MATERIAL FOR THE TASK
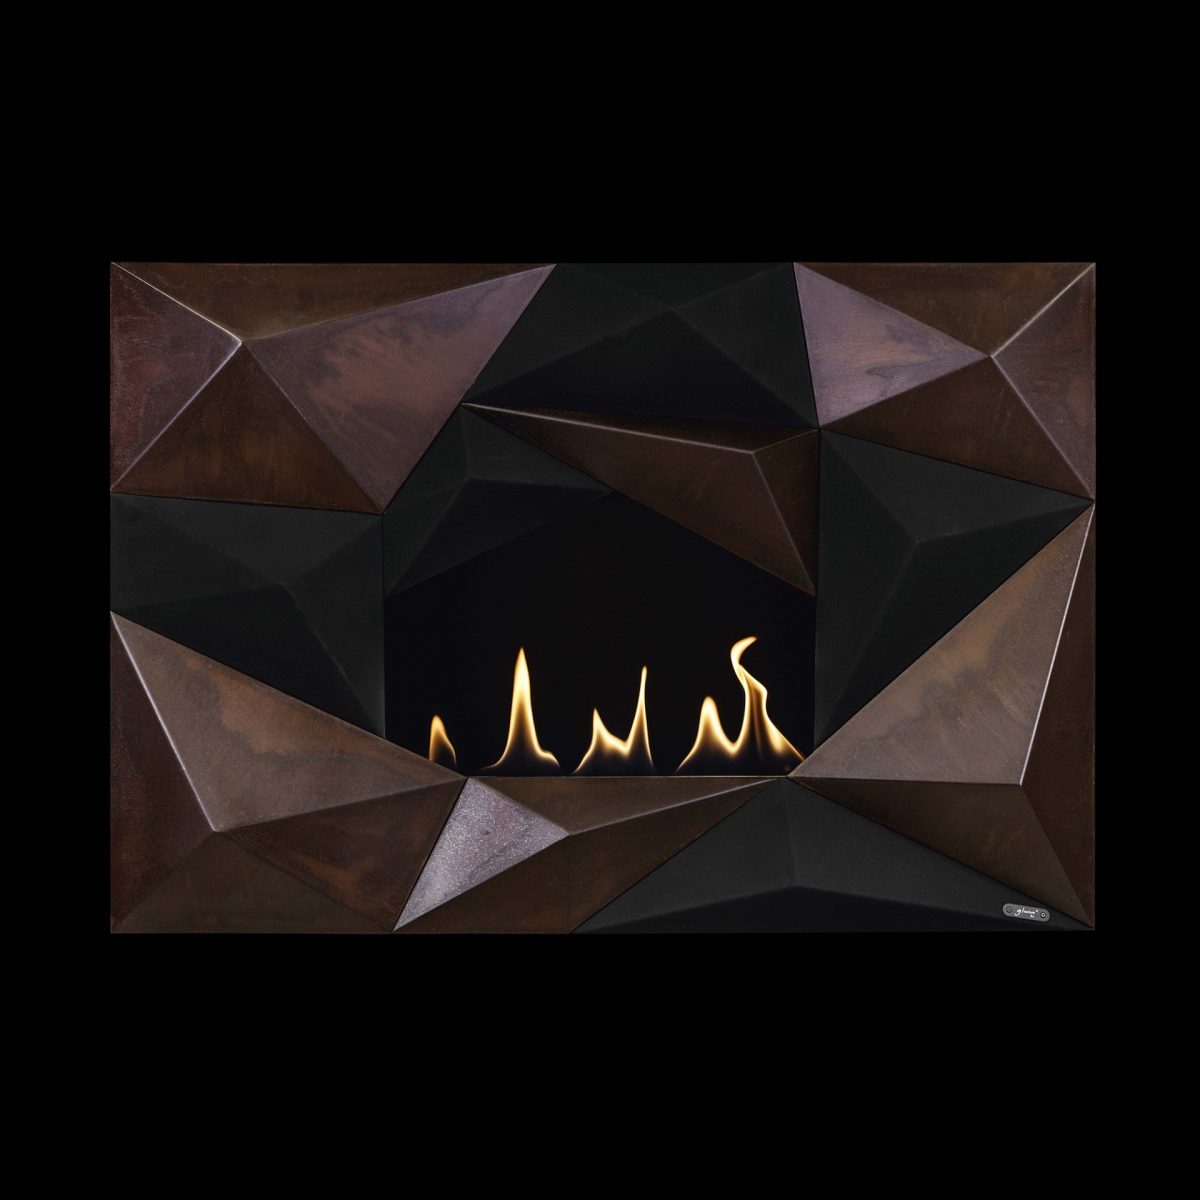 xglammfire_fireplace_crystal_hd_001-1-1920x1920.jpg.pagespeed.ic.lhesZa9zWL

...

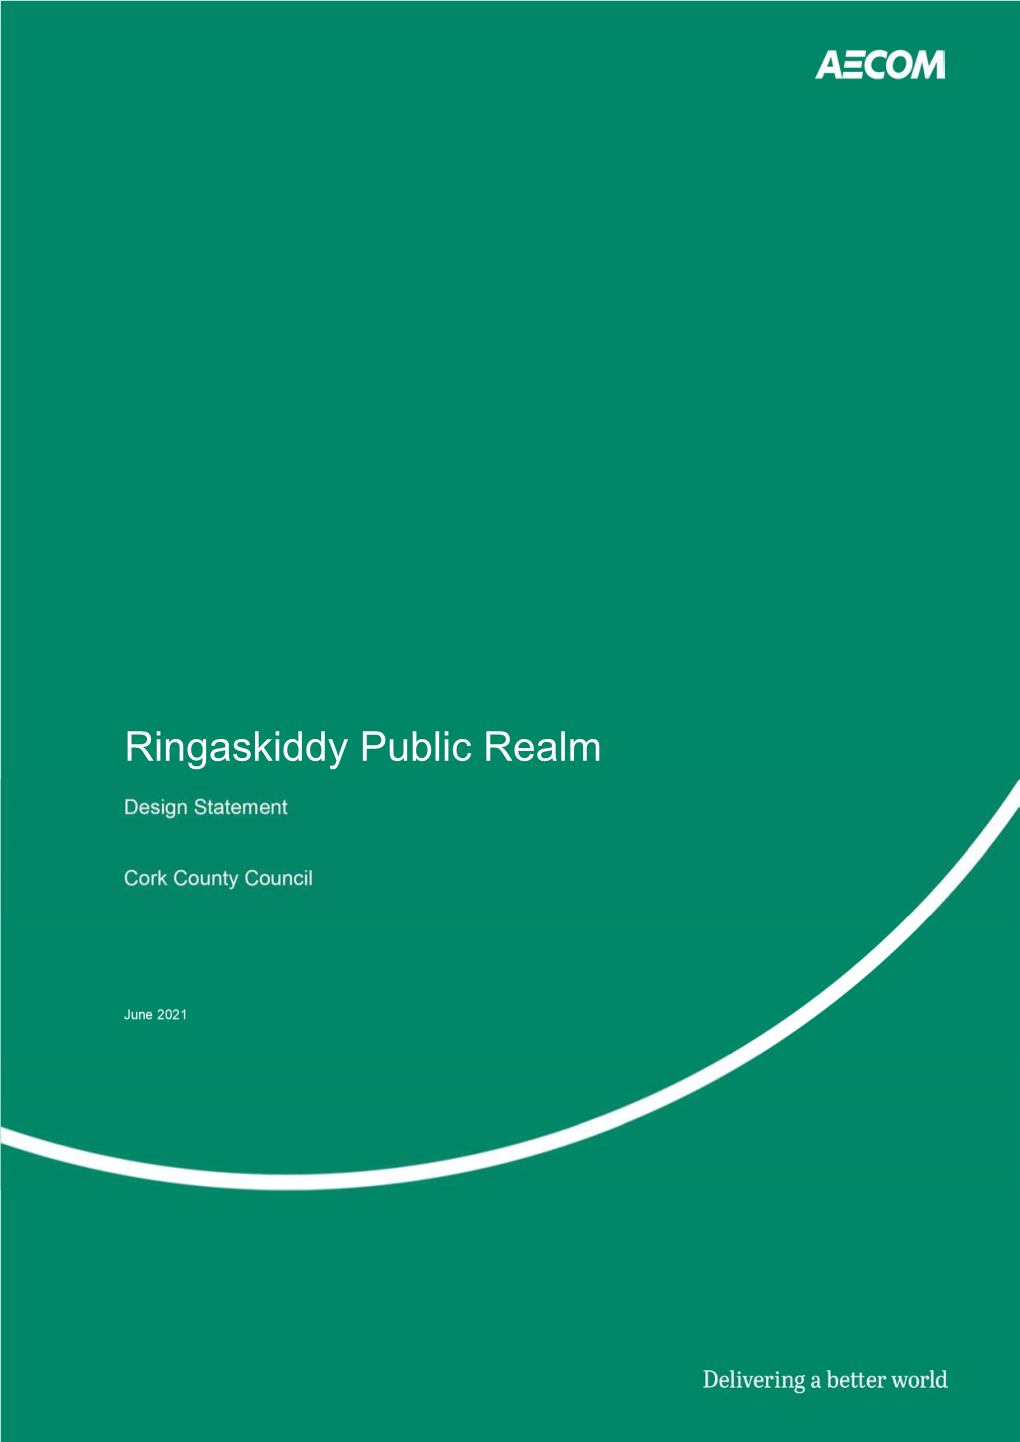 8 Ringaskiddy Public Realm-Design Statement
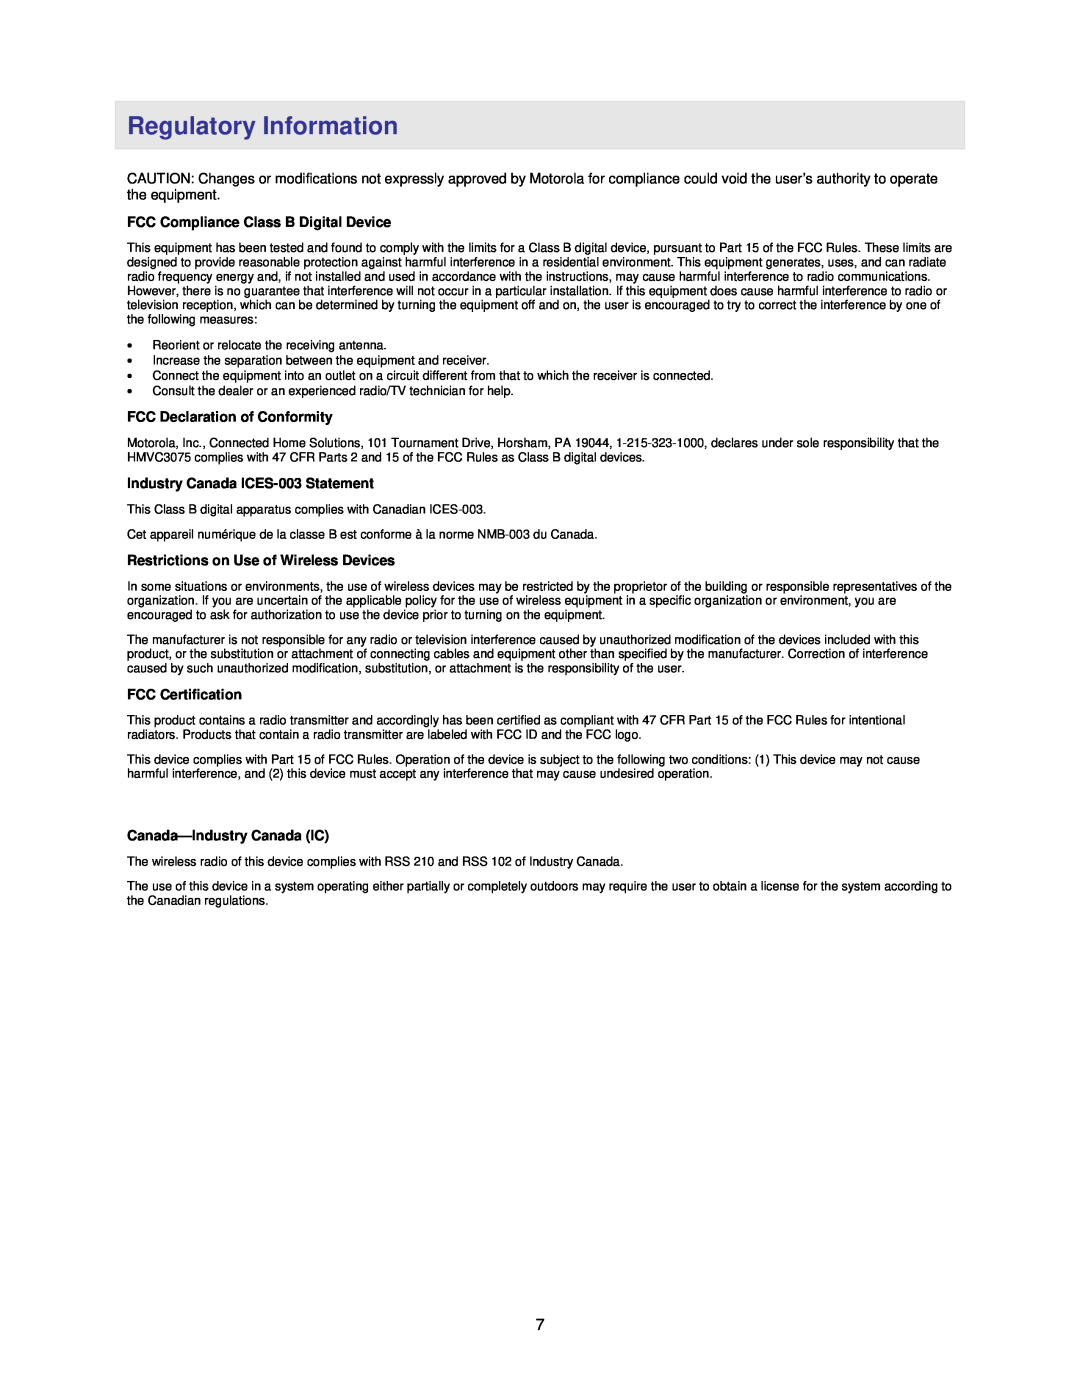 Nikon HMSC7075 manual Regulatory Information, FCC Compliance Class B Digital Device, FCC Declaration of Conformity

EXERCISE INSTRUCTIONS
When you reach the line holding "8 Ringaskiddy Public Realm-Design Statement" in the listing above, begin retyping exactly, and stop once the line holding "Nikon HMSC7075 manual" is done; pictures stay out.

RESULT OF THIS EXERCISE
 8 Ringaskiddy Public Realm-Design Statement
 Nikon HMSC7075 manual Regulatory Information, FCC Compliance Class B Digital Device, FCC Declaration of Conformity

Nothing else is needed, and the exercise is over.